This is the repo for the paper "Improving the Accuracy-Memory Trade-Off of Random Forests Via Leaf-Refinement".

Overview

Improving the Accuracy-Memory Trade-Off of Random Forests Via Leaf-Refinement

This is the repository for the paper "Improving the Accuracy-Memory Trade-Off of Random Forests Via Leaf-Refinement". The repository is structured as the following:

  • PyPruning: This repository contains the implementations for all pruning algorithms and can be installed as a regular python package and used in other projects. For more information have a look at the Readme file in PyPruning/Readme.md and its documentation in PyPruning/docs.
  • experiment_runner: This is a simple package / script which can be used to run multiple experiments in parallel on the same machine or distributed across many different machines. It can also be installed as a regular python package and used for other projects.
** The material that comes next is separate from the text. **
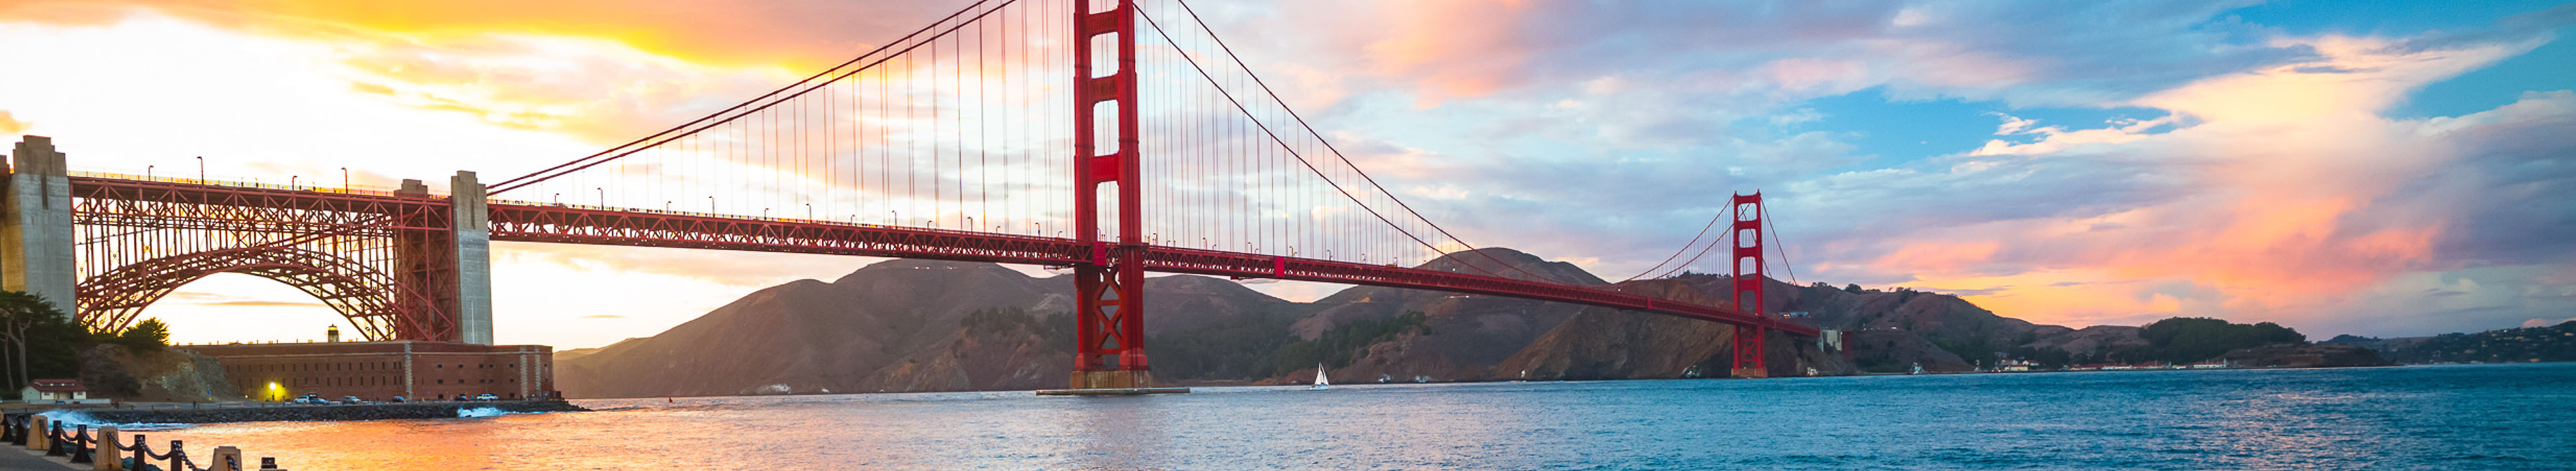 Ausblick von Fort Point auf die Golden Gate Bridge bei Sonnenuntergang, San Francisco.

For more information have a look at the Readme file in experiment_runner/Readme.md.
  • {adult, bank, connect, ..., wine-quality}: Each folder contains an script init.sh which downloads the necessary files and performs pre-processing if necessary (e.g. extract archives etc.).
  • init_all.sh: Iterates over all datasets and calls the respective init.sh files. Depending on your internet connection this may take some time
  • environment.yml: Anaconda environment file which contains all dependencies. For more details see below
  • LeafRefinement.py: This is the implementation of the LeafRefinement method. We initially implemented a more complex method which uses Proximal Gradient Descent to simultaneously learn the weights and refine leaf nodes. During our experiments we discovered that leaf-refinement in iteself was enough and much simpler. We kept our old code, but implemented the LeafRefinement.py class for easier usage.
  • run.py: The script which executes the experiments. For more details see the examples below.
  • plot_results.py: The script is used explore and display results. It also creates the plots for the paper.

Getting everything ready

This git repository contains two submodules PyPruning and experiment_runner which need to be cloned first.

git clone --recurse-submodules [email protected]:sbuschjaeger/leaf-refinement-experiments.git

After the code has been obtained you need to install all dependencies. If you use Anaconda you can simply call

conda env create -f environment.yml

to prepare and activate the environment LR. After that you can install the python packages PyPruning and experiment_runner via pip:

pip install -e file:PyPruning
pip install -e file:experiment_runner

and finally activate the environment with

conda activate LR

Last you will need to get some data. If you are interested in a specific dataset you can use the accompanying init.sh script via

cd `${Dataset}`
./init.sh

or if you want to download all datasets use

./init_all.sh

Depending on your internet connection this may take some time.

Running experiments

If everything worked as expected you should now be able to run the run.py script to prune some ensembles. This script has a decent amount of parameters. See further below for an minimal working example.

  • n_jobs: Number of jobs / threads used for multiprocessing
  • base: Base learner used for experiments. Can be {RandomForestClassifier, ExtraTreesClassifier, BaggingClassifier, HeterogenousForest}. Can be a list of arguments for multiple experiments.
  • nl: Maximum number of leaf nodes (corresponds to scikit-learns max_leaf_nodes parameter)
  • dataset: Dataset used for experiment. Can be a list of arguments for multiple experiments.
  • n_estimators: Number of estimators trained for the base learner.
  • n_prune: Size of the pruned ensemble. Can be a list of arguments for multiple experiments.
  • xval: Number of cross validation runs (default is 5)
  • use_prune: If set then the script uses a train / prune / test split. If not set then the training data is also used for pruning.
  • timeout: Maximum number of seconds per run. If the runtime exceeds the provided value, stop execution (default is 5400 seconds)

Note that all base ensembles for all cross validation splits of a dataset are trained before any of the pruning algorithms are used. If you want to evaluate many datasets / hyperparameter configuration in one run this requires a lot of memory.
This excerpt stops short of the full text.